Good job! If you find yourself thinking about her a lot and wanting to text or call her, then it might be a good idea to go hit on some other chicks. You don't have to date or sleep with them, just chat them up and get a number or two. This will go a long way in removing the neediness that you've been experiencing.

You might feel a little guilty doing this, but you shouldn't. Girls will always have guys giving them attention, so they never experience severe scarcity. By chatting up other girls, you even the playing field and retain the strength that attracted her in the first place.

So I did exactly that and actually hung out with some of my guy friend and some girl friends. So I backed off on Saturday (we hadn't really text or talked that much during the previous week). And last night she finally messaged me and we had this convo:

Her: *Irrelevant convo opener* ended with a smiley face

Me: *Just went along with the joke*

Her: How have you been? I feel like we haven't talked in a long time

Me: I've been good :) just had my first Capoeira class today! How about you? Haha you were probably just missing me :)
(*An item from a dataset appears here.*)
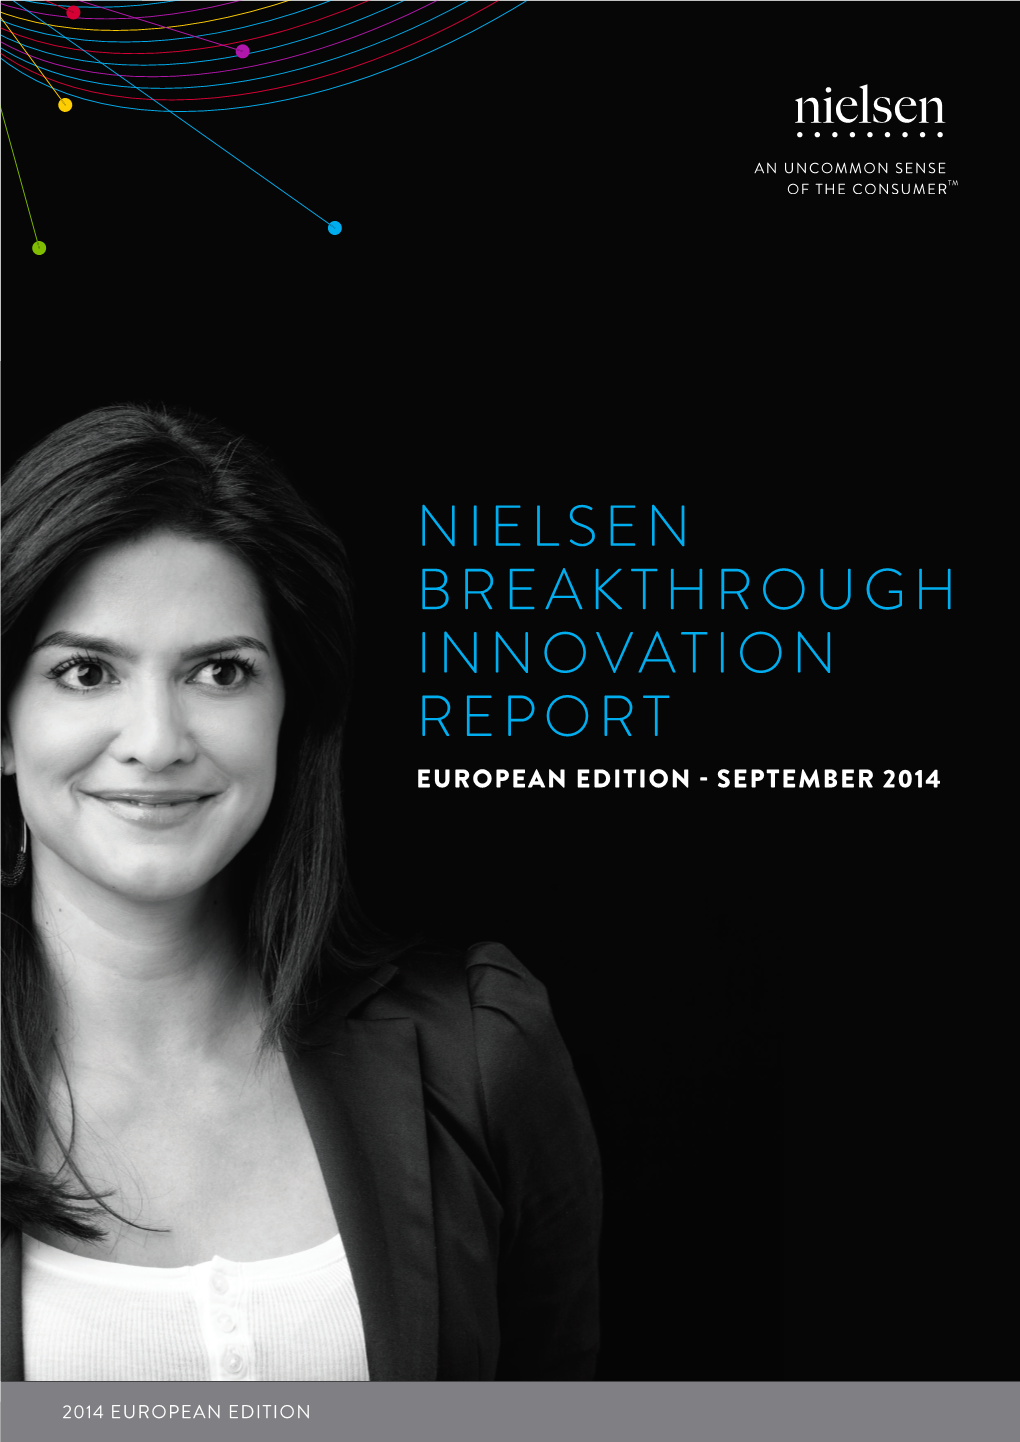 Nielsen Breakthrough Innovation Report European Edition - September 2014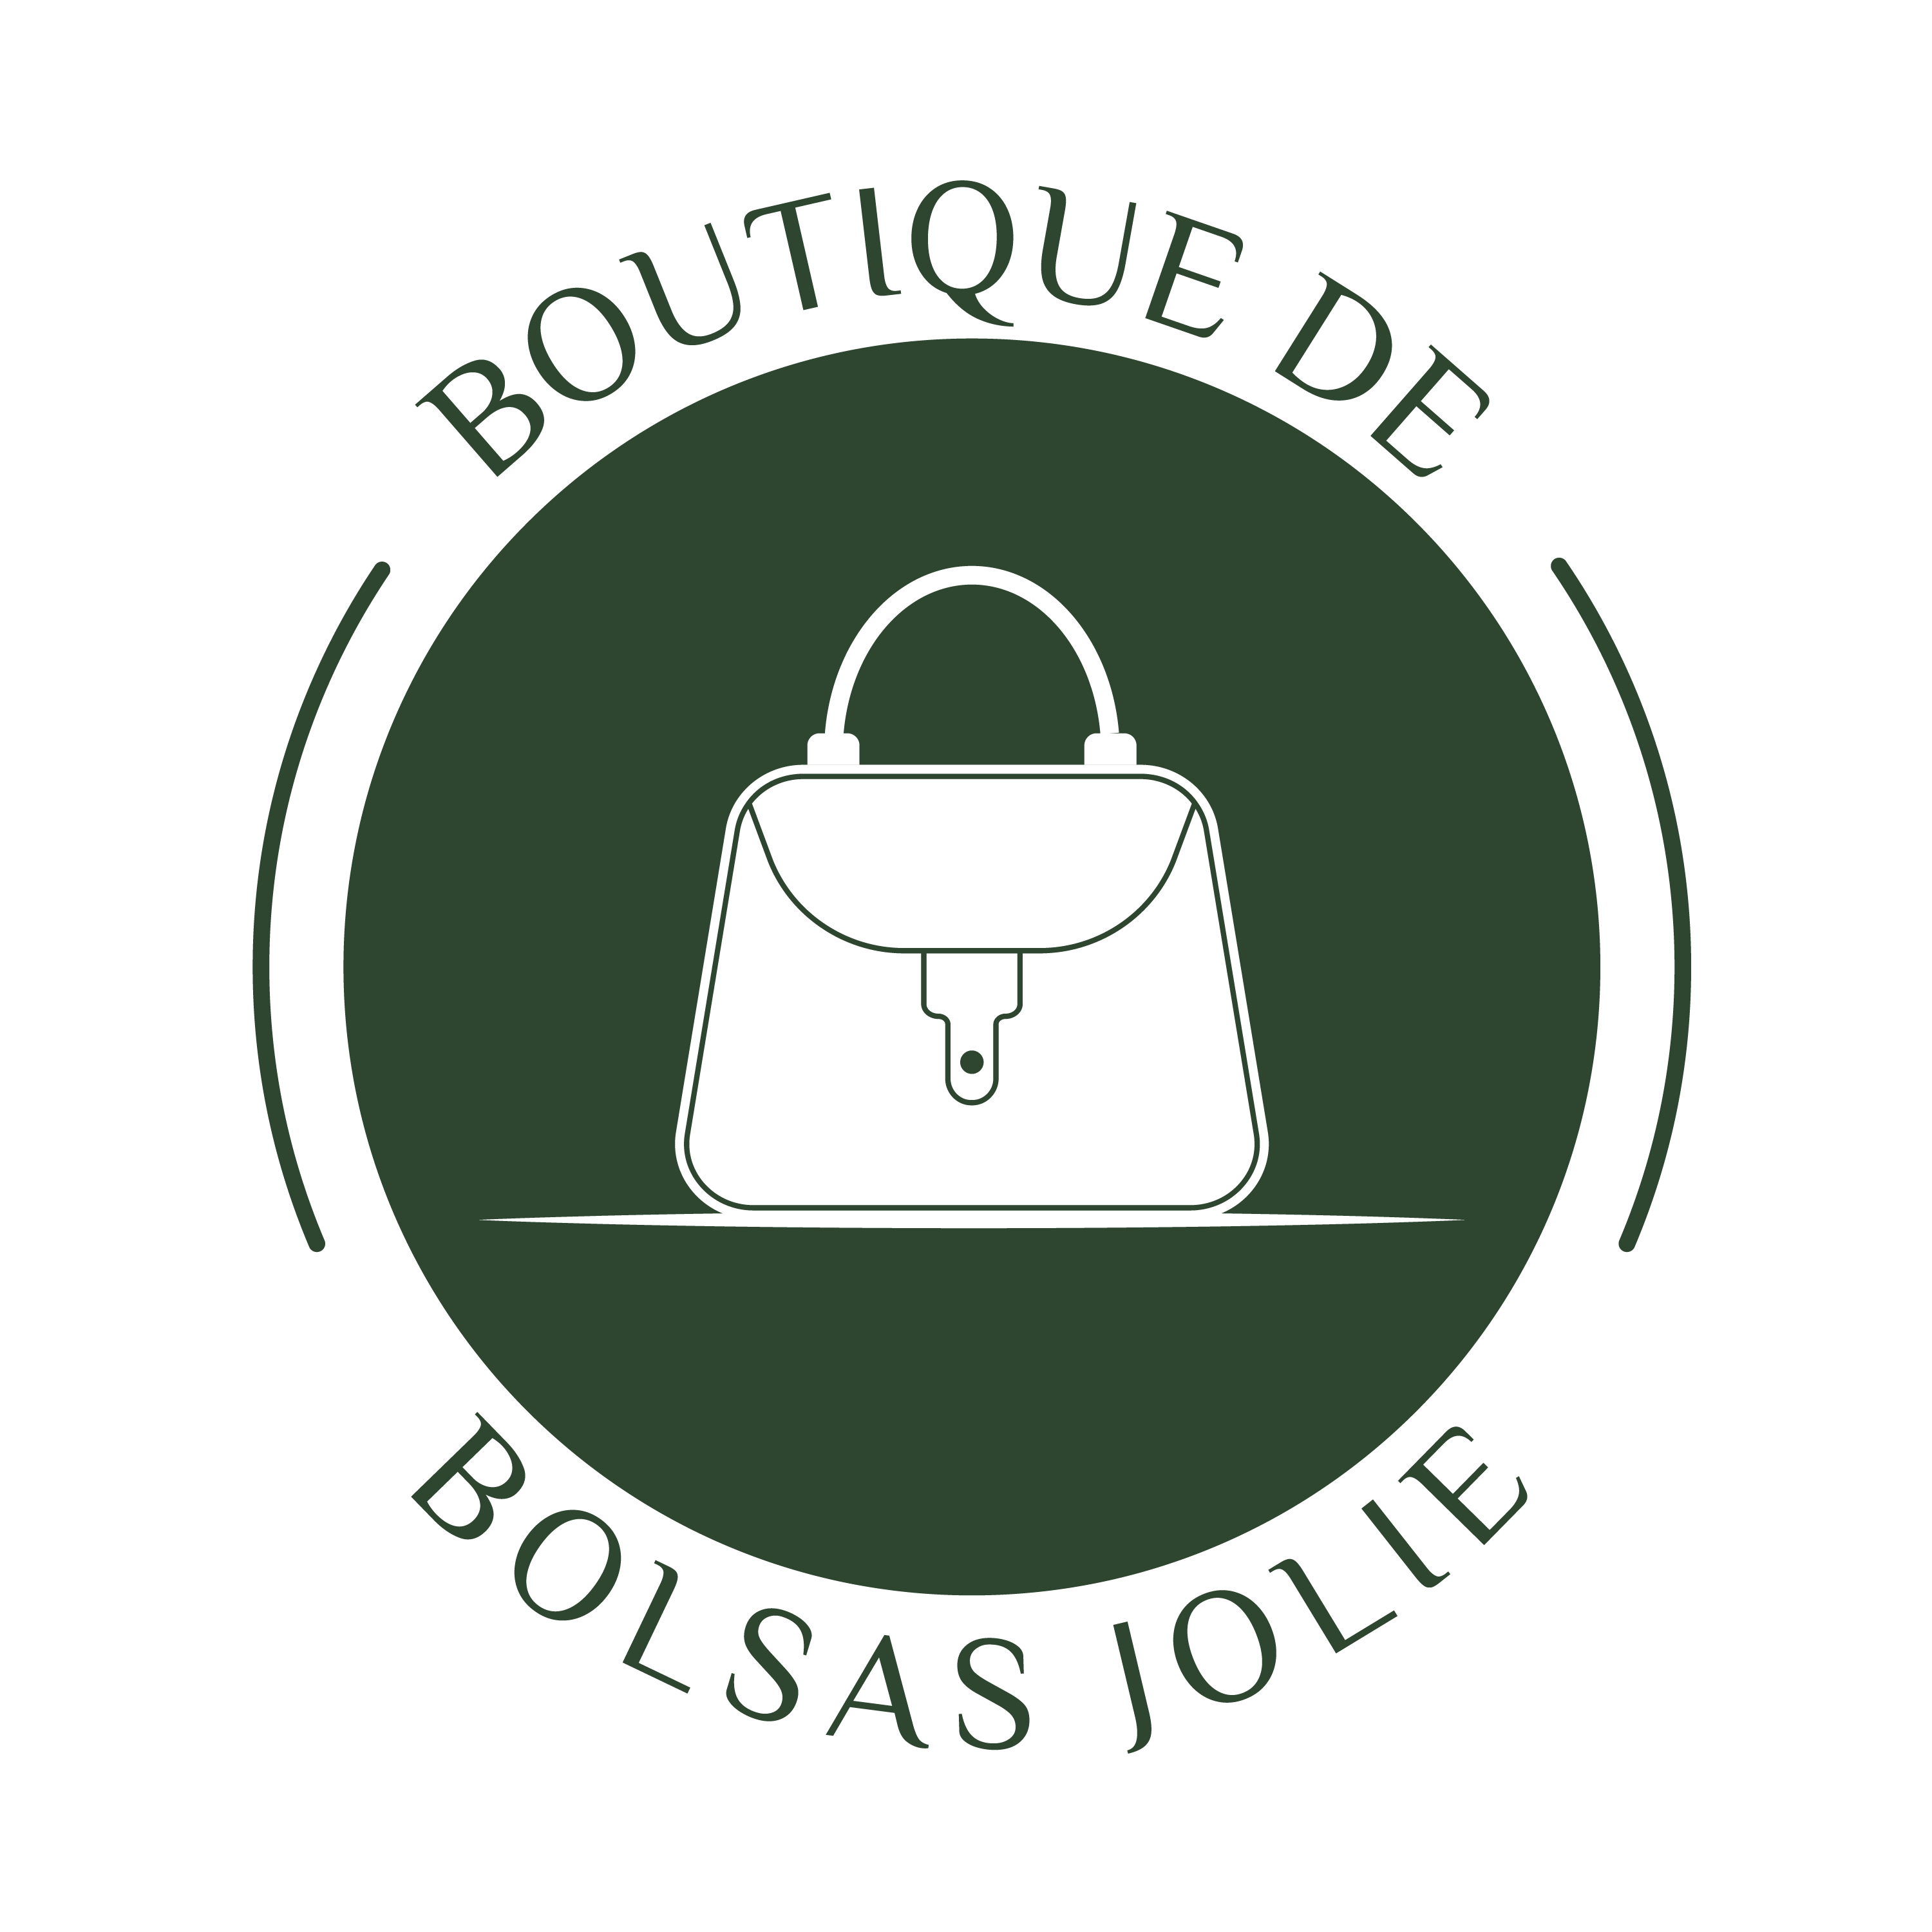 Boutique de Bolsas Jolie

Her: That's exciting how did it go? I'm ok. I have a dentist appointment tomorrow so i' having trouble sleeping....which isn't going to help my lock jaw :/
Her: Are you saying you don't miss me??

Me: It was awesome, such a great group of people :). Good luck, you've been cleaning your teeth well, you'll do fine.
Me: Haha, uhm...I'm saying it felt like awhile because you missed me!

Her: I survived :) you right I do miss you

Me: I know you would :) aww <3 at least you have my christmas gift to remind you of me.

Her: True :), I'm going to drive around the area to look for a place if you wanna tag along. I'm changing my clothes right now.

Me: No i'm busy today, you're welcome to come over this week if you want to see me, tomorrow works well.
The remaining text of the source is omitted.